2. (a) Determine \( n \), if... (i) \( \sum_{r=1}^{n}(2 r-3)=840 \) (ii) \( \sum_{k=1}^{n}(3 k-7)=52 \) (b) Determine \( k \), if... (i) \( \sum_{t=2}^{k}(6 t-1)=795 \) (ii) \( \sum_{i=0}^{k}(1-3 i)=-125 \)

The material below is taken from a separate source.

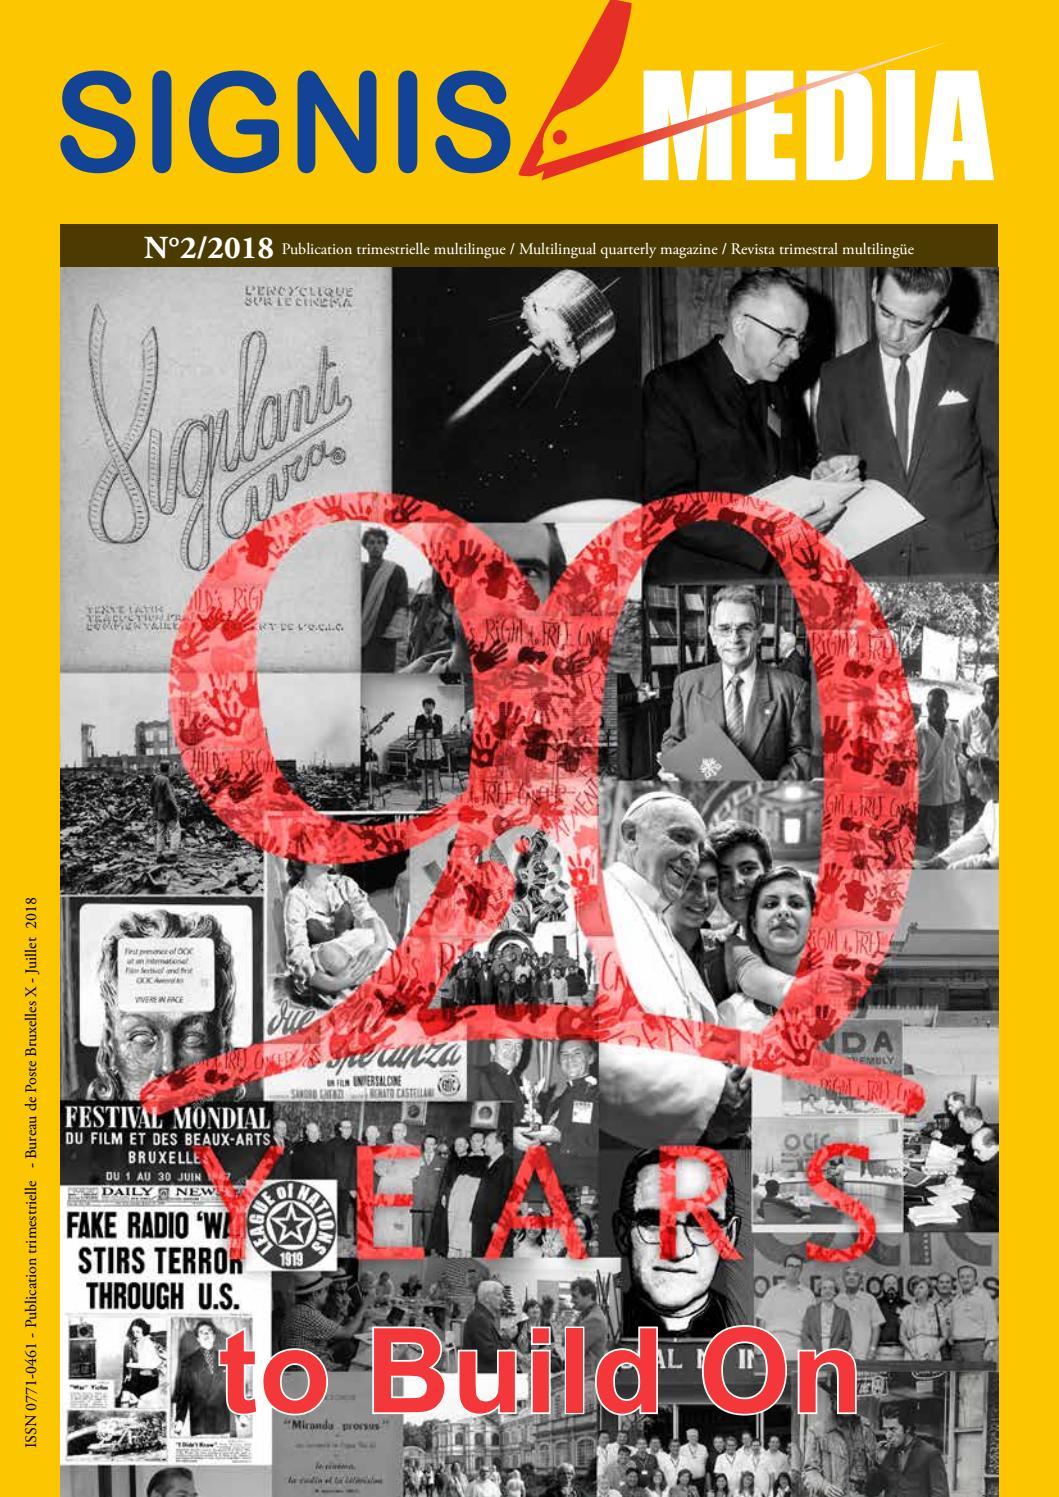 Amor En Fin Movie Online signis media: 90 years to build onsignis - issuu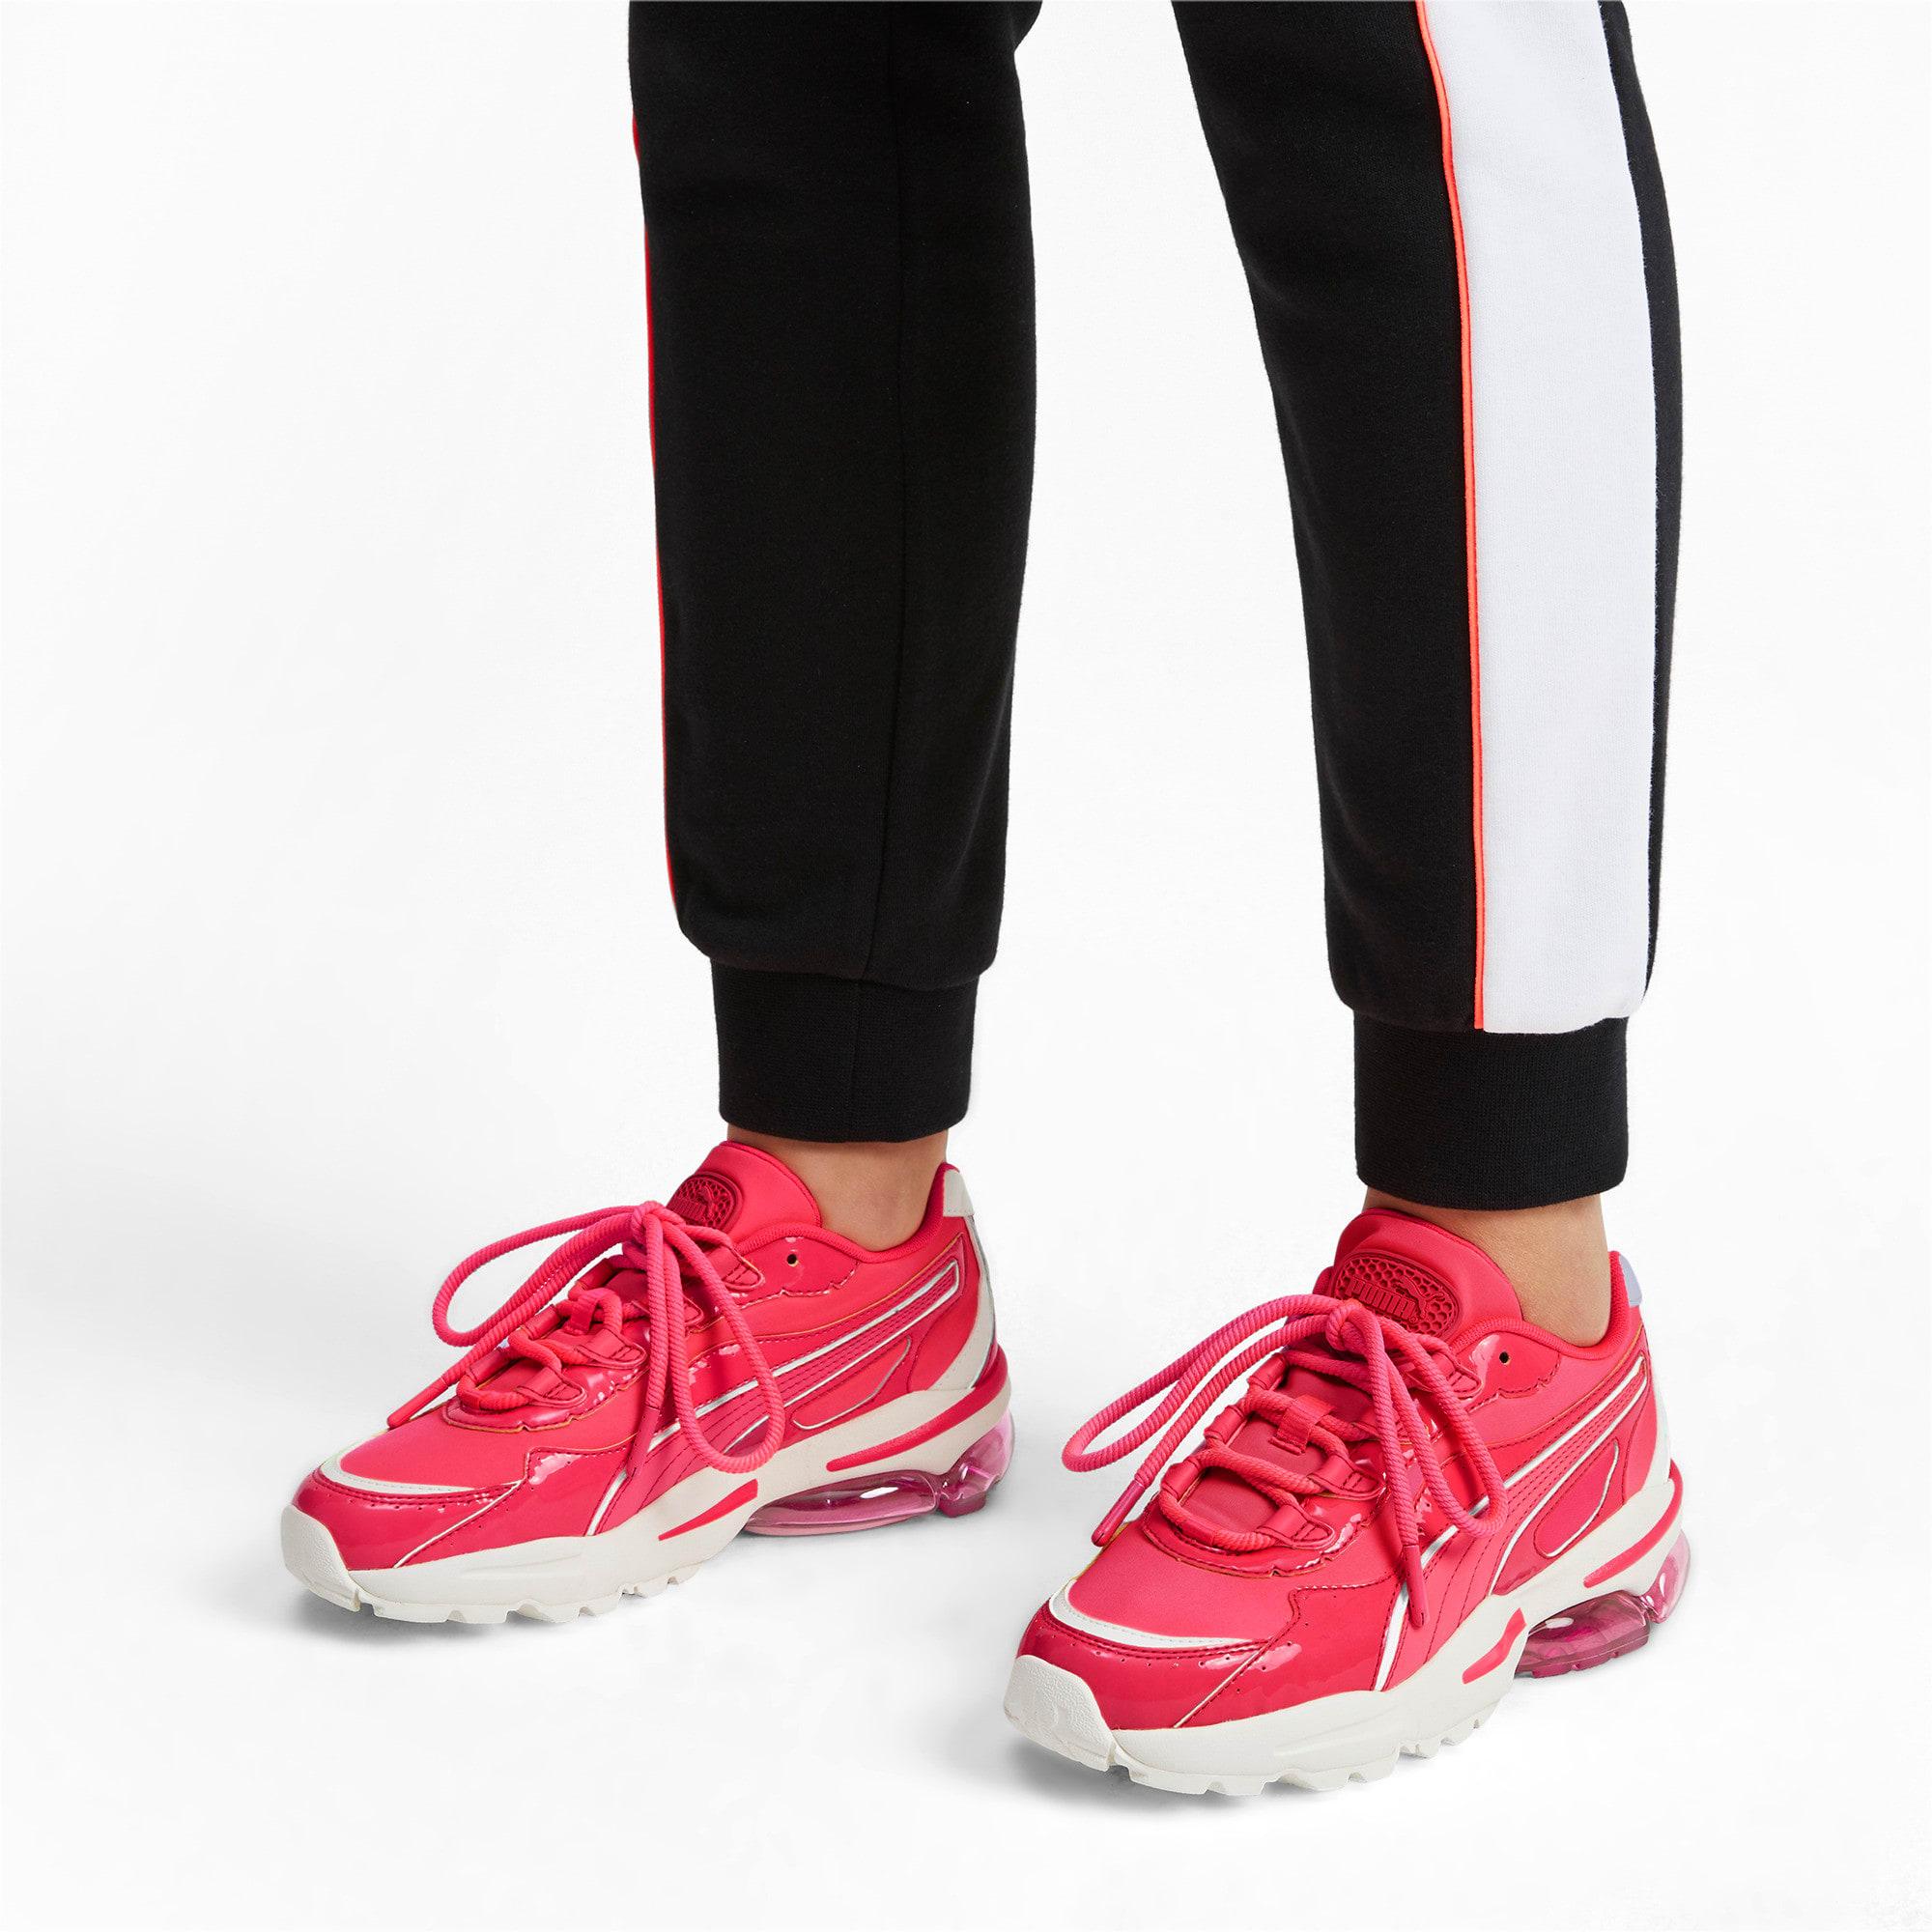 Thumbnail 2 of CELL Stellar Neon Women's Sneakers, Pink Alert-Heather, medium

To solve these summation problems, let's break each one down step by step! For part (a): (i) The summation \( \sum_{r=1}^{n}(2r-3) \) can be rewritten as \( \sum_{r=1}^{n}(2r) - \sum_{r=1}^{n}(3) \). The first part is \( 2 \sum_{r=1}^{n} r = 2 \cdot \frac{n(n+1)}{2} = n(n+1) \), and the second part is \( 3n \). Therefore, we equate \( n(n + 1) - 3n = 840 \) or \( n^2 - 2n - 840 = 0 \). Solving this quadratic gives \( n = 30 \) or \( n = -28 \), so \( n = 30 \). (ii) For the summation \( \sum_{k=1}^{n}(3k-7) \), we can rewrite similar to before: \( 3\sum_{k=1}^{n} k - \sum_{k=1}^{n} 7 \). This simplifies to \( 3 \cdot \frac{n(n + 1)}{2} - 7n = \frac{3n(n + 1)}{2} - 7n = 52 \). Multiply through by 2 to eliminate the fraction: \( 3n(n + 1) - 14n = 104 \) leads us to \( 3n^2 - 11n - 104 = 0 \). Solving this gives \( n = 16 \) or \( n = -6.5 \), thus \( n = 16 \). For part (b): (i) For the sum \( \sum_{t=2}^{k}(6t-1) \), we first find the summed parts which gives \( 6 \sum_{t=2}^{k} t - \sum_{t=2}^{k} 1 \), where the former term leads to \( 6\left[ \frac{k(k+1)}{2} - 1 \right] \) and the latter simply equals \( (k - 1) \). Substituting, we have \( 6\left( \frac{k(k+1)}{2} - 1 \right) - (k - 1) = 795 \). Simplifying this yields a quadratic equation \( 3k(k + 1) - k + 6 - 795 = 0 \) or \( 3k^2 + 2k - 789 = 0 \). Solving this gives \( k = 14 \) or \( k = -18.5 \), hence \( k = 14 \). (ii) The summation \( \sum_{i=0}^{k}(1-3i) \) simplifies to \( (k + 1) - 3\sum_{i=0}^{k} i = (k + 1) - 3\left( \frac{k(k + 1)}{2} \right) = (k + 1) - \frac{3k(k + 1)}{2} = -125 \). By combining terms and obtaining a quadratic, we find that \( -\frac{3k^2 + k + 2}{2} = -125 \), leading to \( 3k^2 + k - 252 = 0 \). This resolves to \( k = 14 \) or \( k = -6 \), so \( k = 14 \) fits nicely as the acceptable solution!